Task objective
Using the records below, return exactly the lines from the one containing "ブラックコムデギャルソン 2013年 日本製" through the last, and omit pictures.

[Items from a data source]

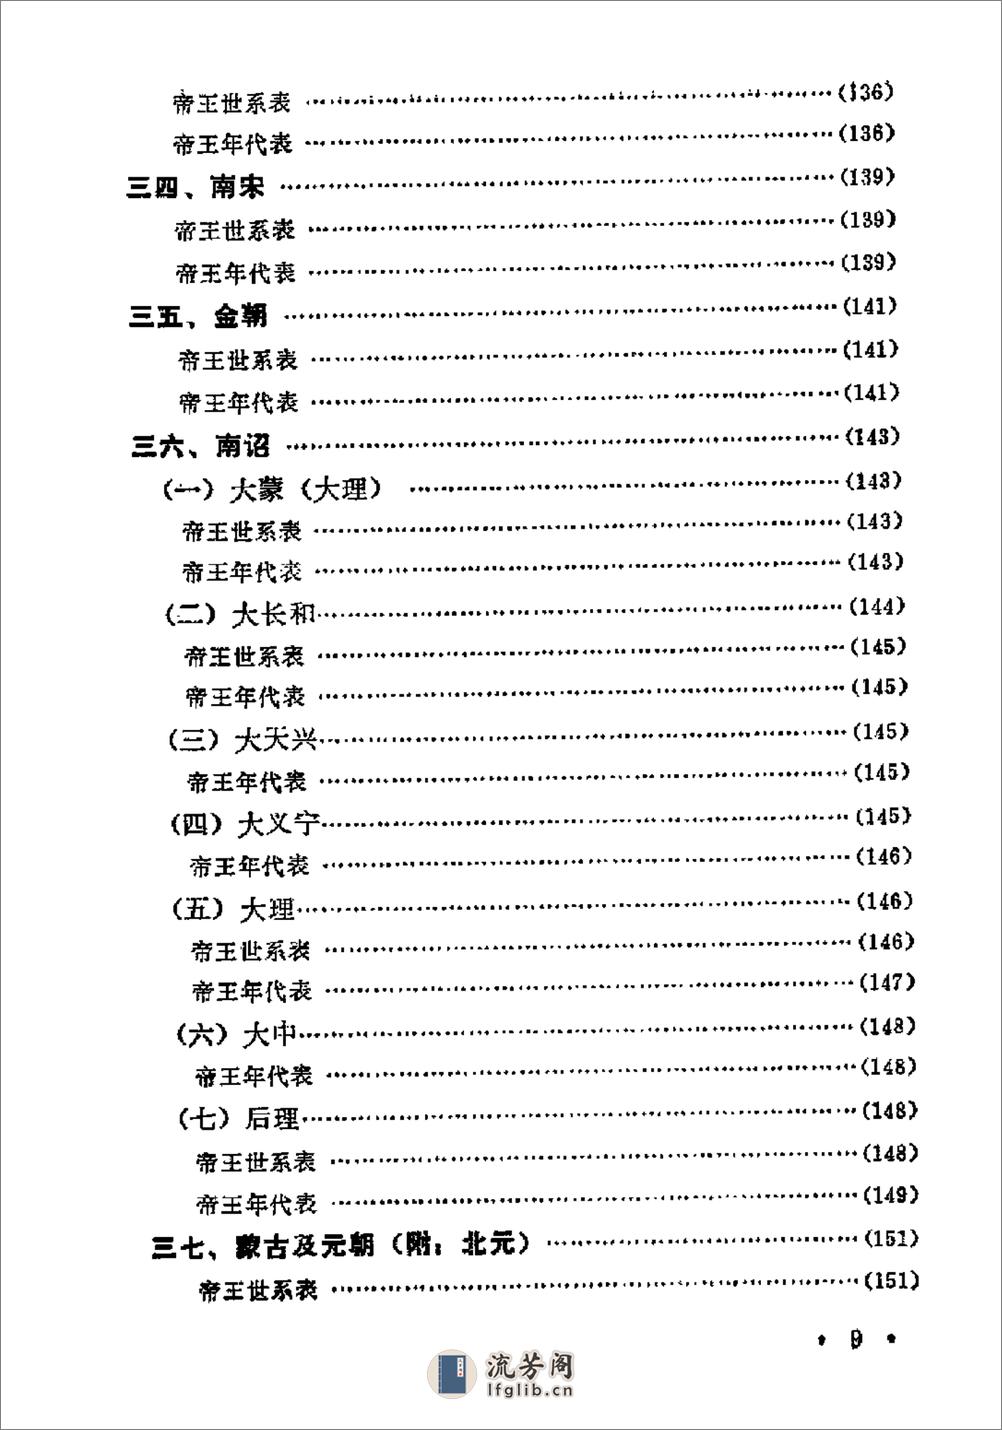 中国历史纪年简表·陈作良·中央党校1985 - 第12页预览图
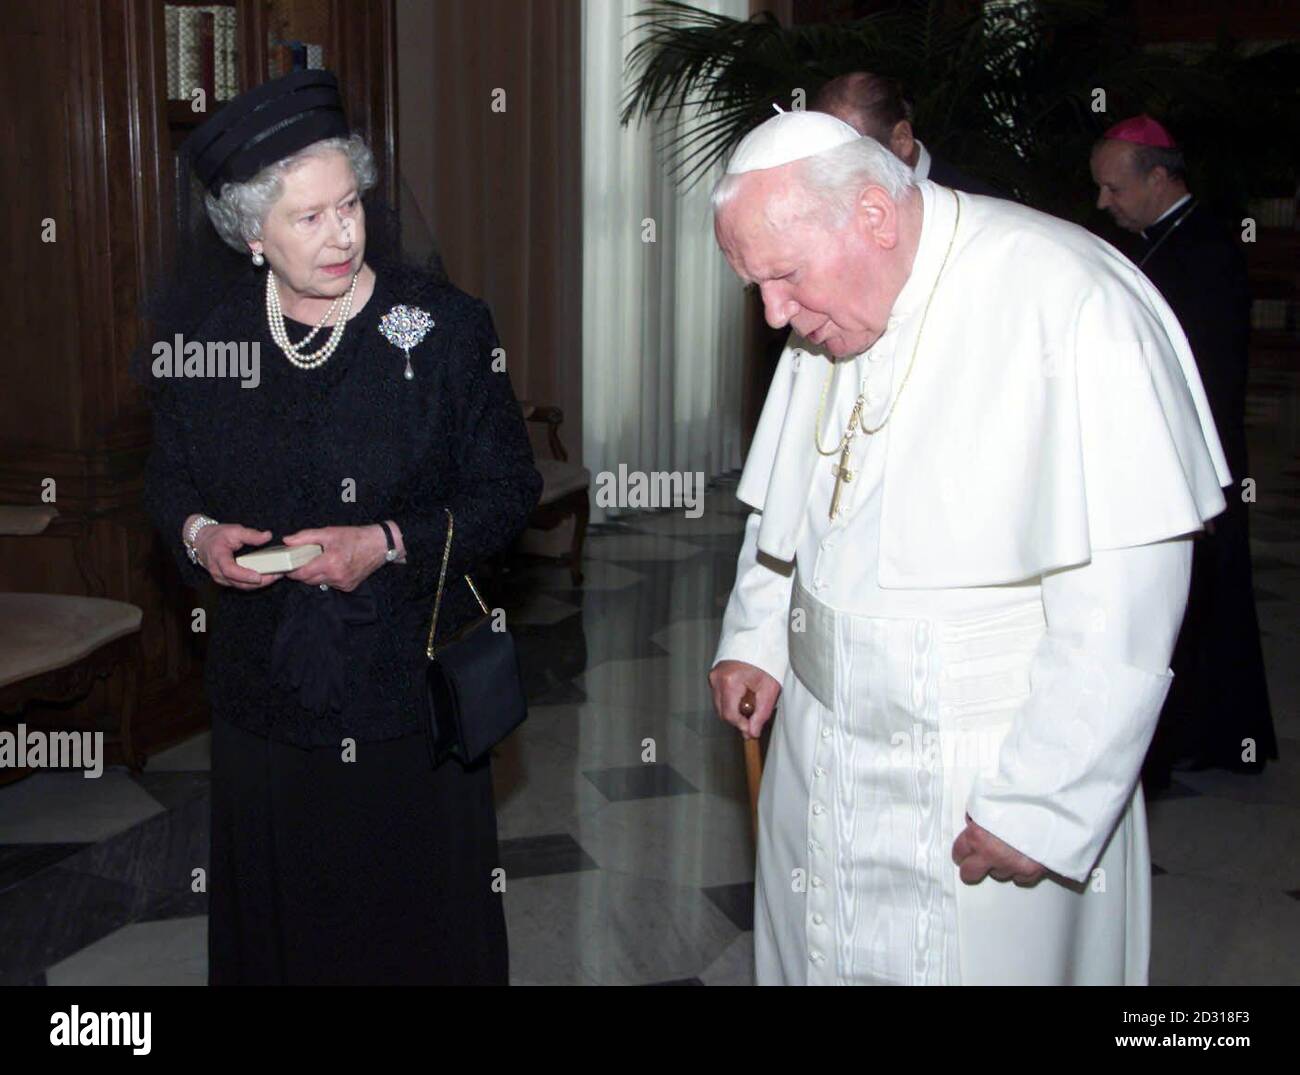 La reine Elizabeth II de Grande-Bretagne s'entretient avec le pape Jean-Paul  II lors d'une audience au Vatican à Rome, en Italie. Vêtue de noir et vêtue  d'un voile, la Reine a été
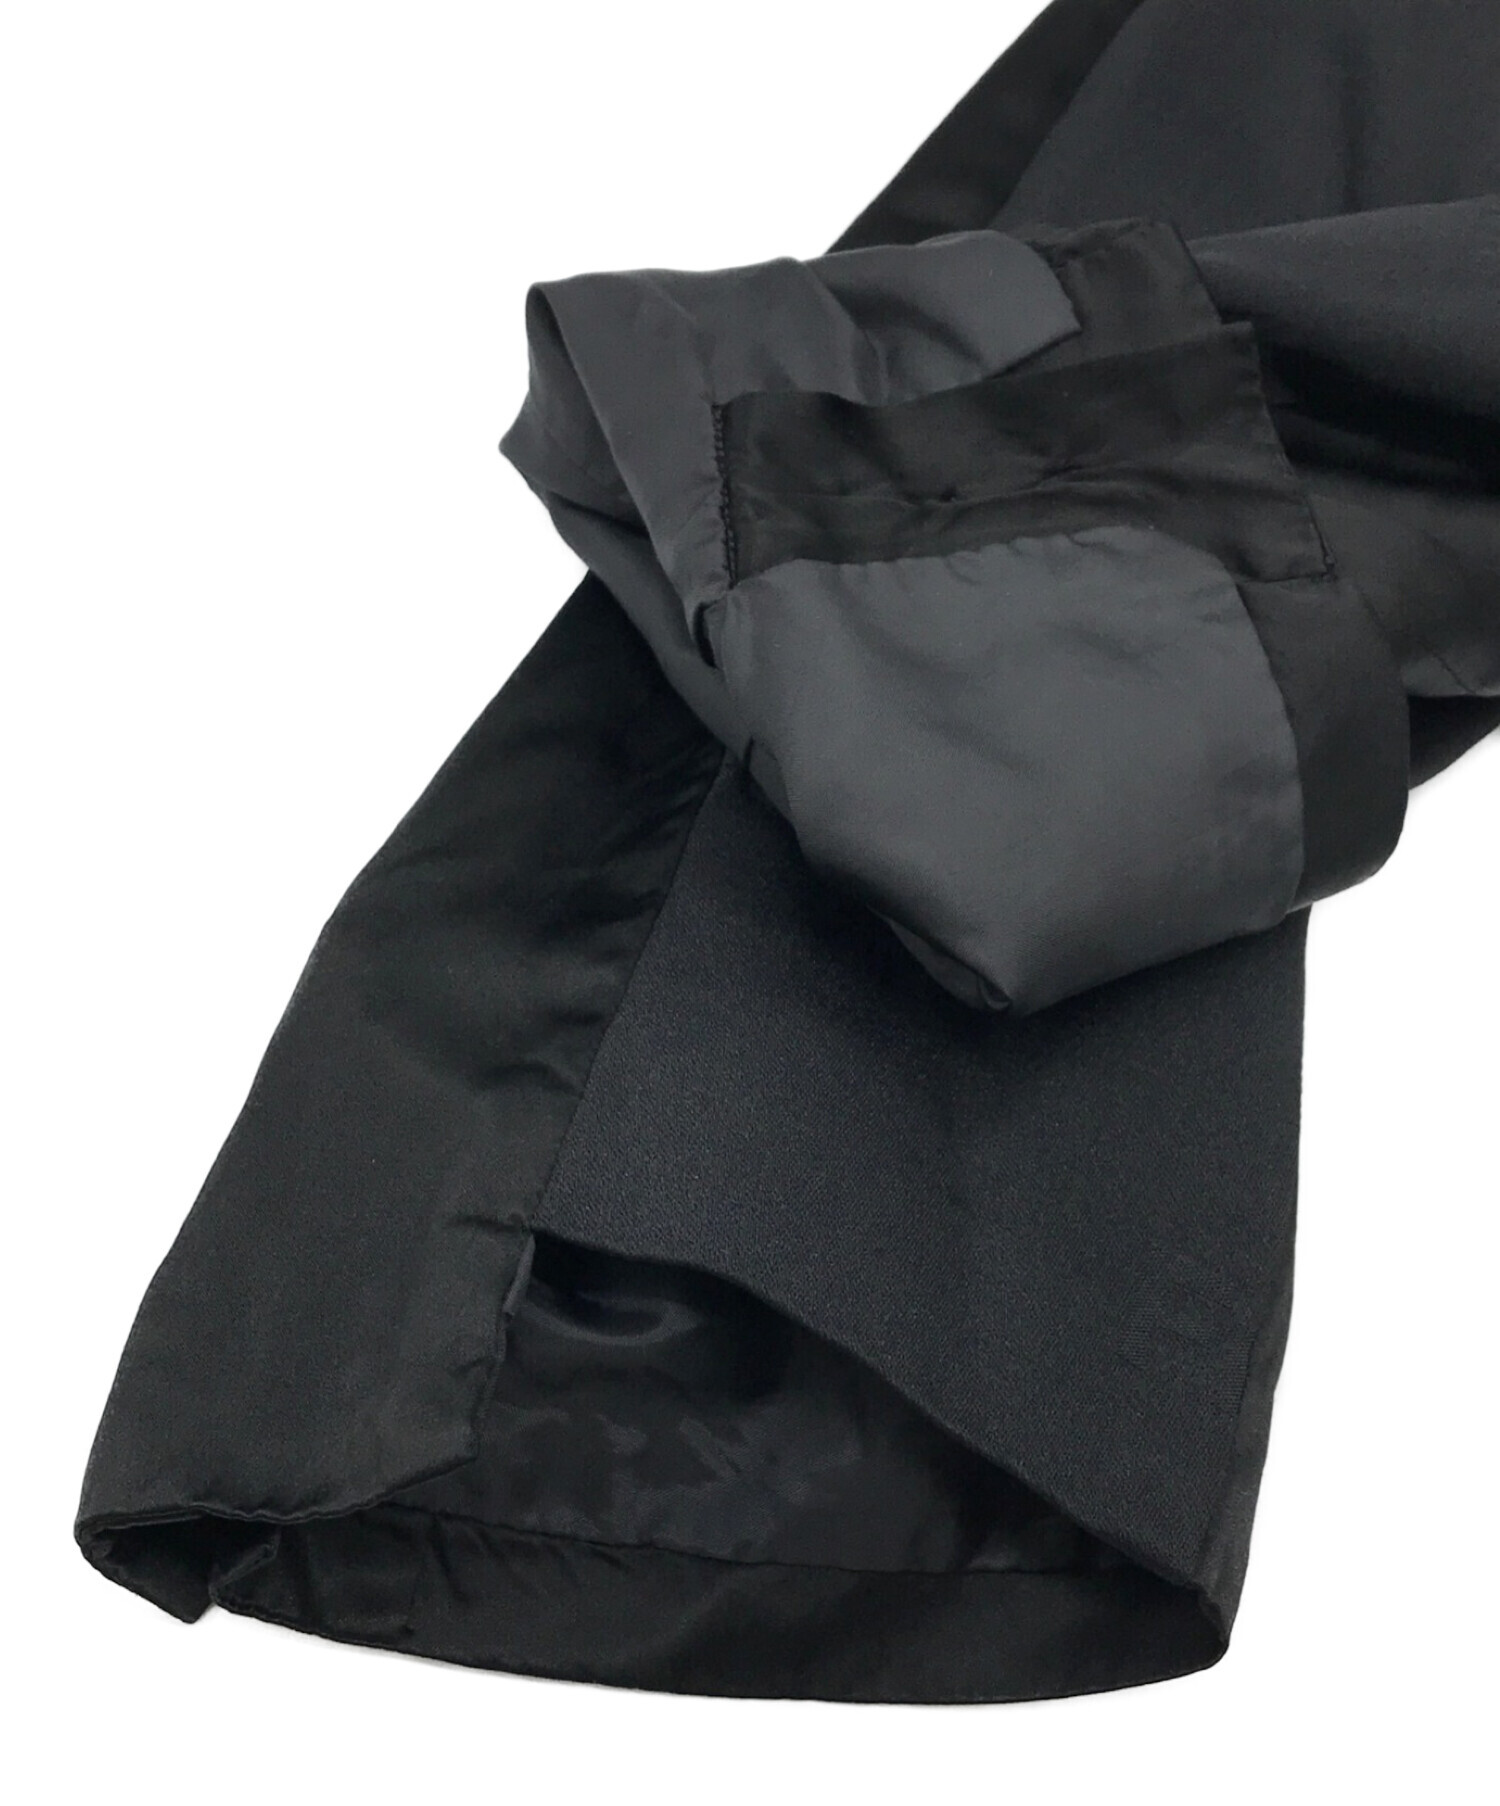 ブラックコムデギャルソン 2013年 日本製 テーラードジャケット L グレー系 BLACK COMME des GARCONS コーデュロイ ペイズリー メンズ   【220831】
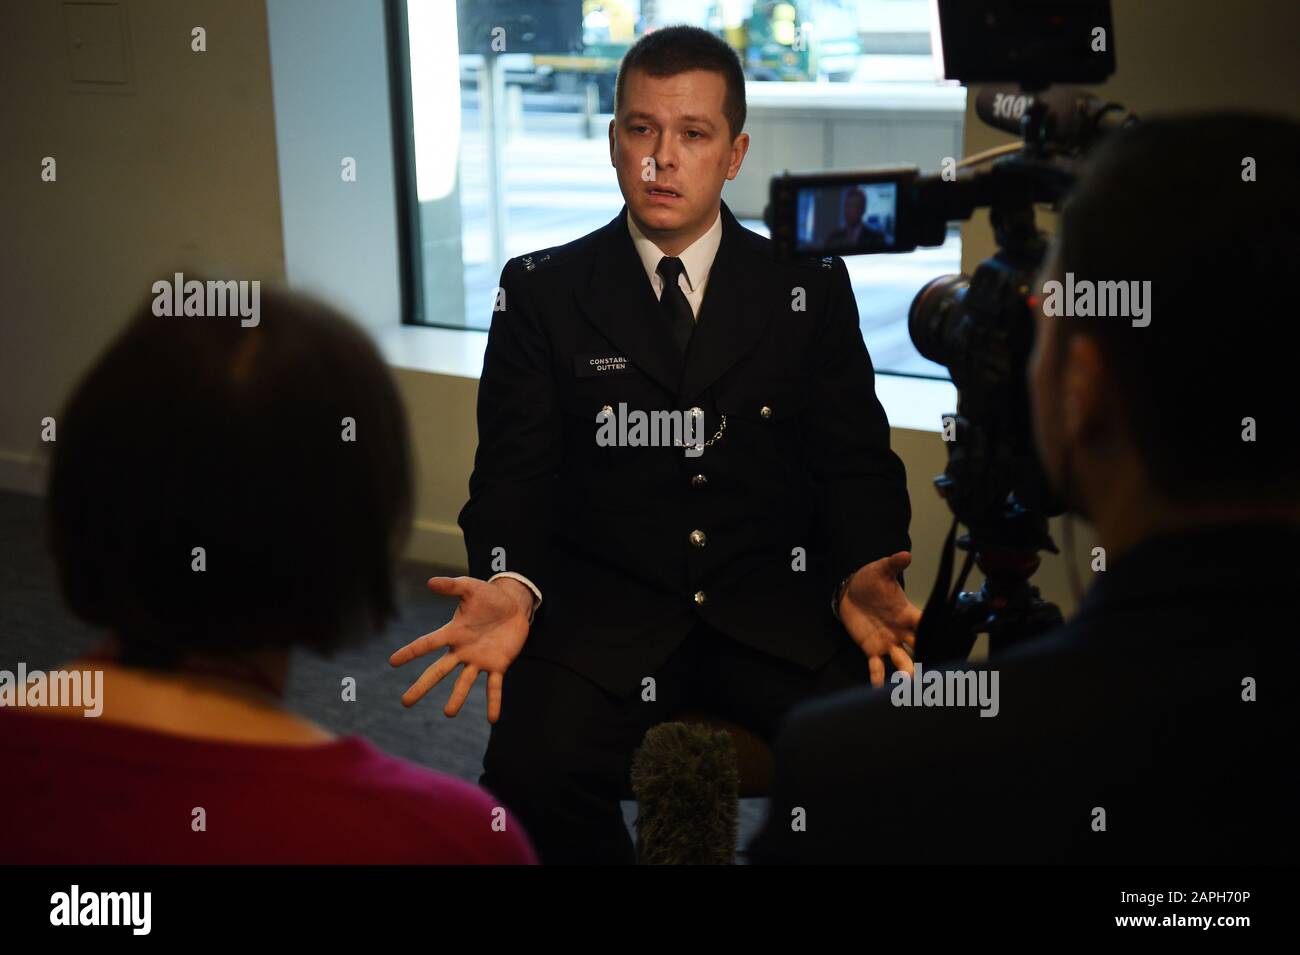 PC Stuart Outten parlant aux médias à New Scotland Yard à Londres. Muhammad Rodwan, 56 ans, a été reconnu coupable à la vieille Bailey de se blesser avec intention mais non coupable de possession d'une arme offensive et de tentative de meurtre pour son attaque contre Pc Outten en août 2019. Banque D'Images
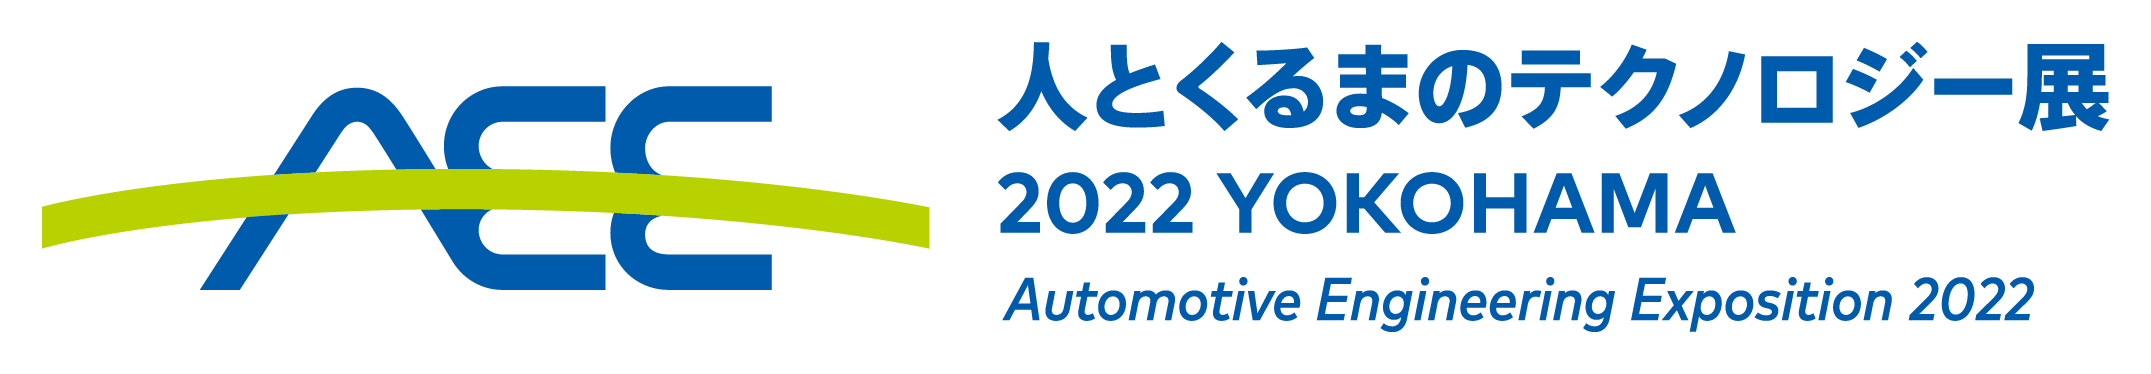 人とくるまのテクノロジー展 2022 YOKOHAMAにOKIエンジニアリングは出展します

Completed exercise
 ブラックコムデギャルソン 2013年 日本製 テーラードジャケット L グレー系 BLACK COMME des GARCONS コーデュロイ ペイズリー メンズ   【220831】
 PC Stuart Outten parlant aux médias à New Scotland Yard à Londres. Muhammad Rodwan, 56 ans, a été reconnu coupable à la vieille Bailey de se blesser avec intention mais non coupable de possession d'une arme offensive et de tentative de meurtre pour son attaque contre Pc Outten en août 2019. Banque D'Images
 人とくるまのテクノロジー展 2022 YOKOHAMAにOKIエンジニアリングは出展します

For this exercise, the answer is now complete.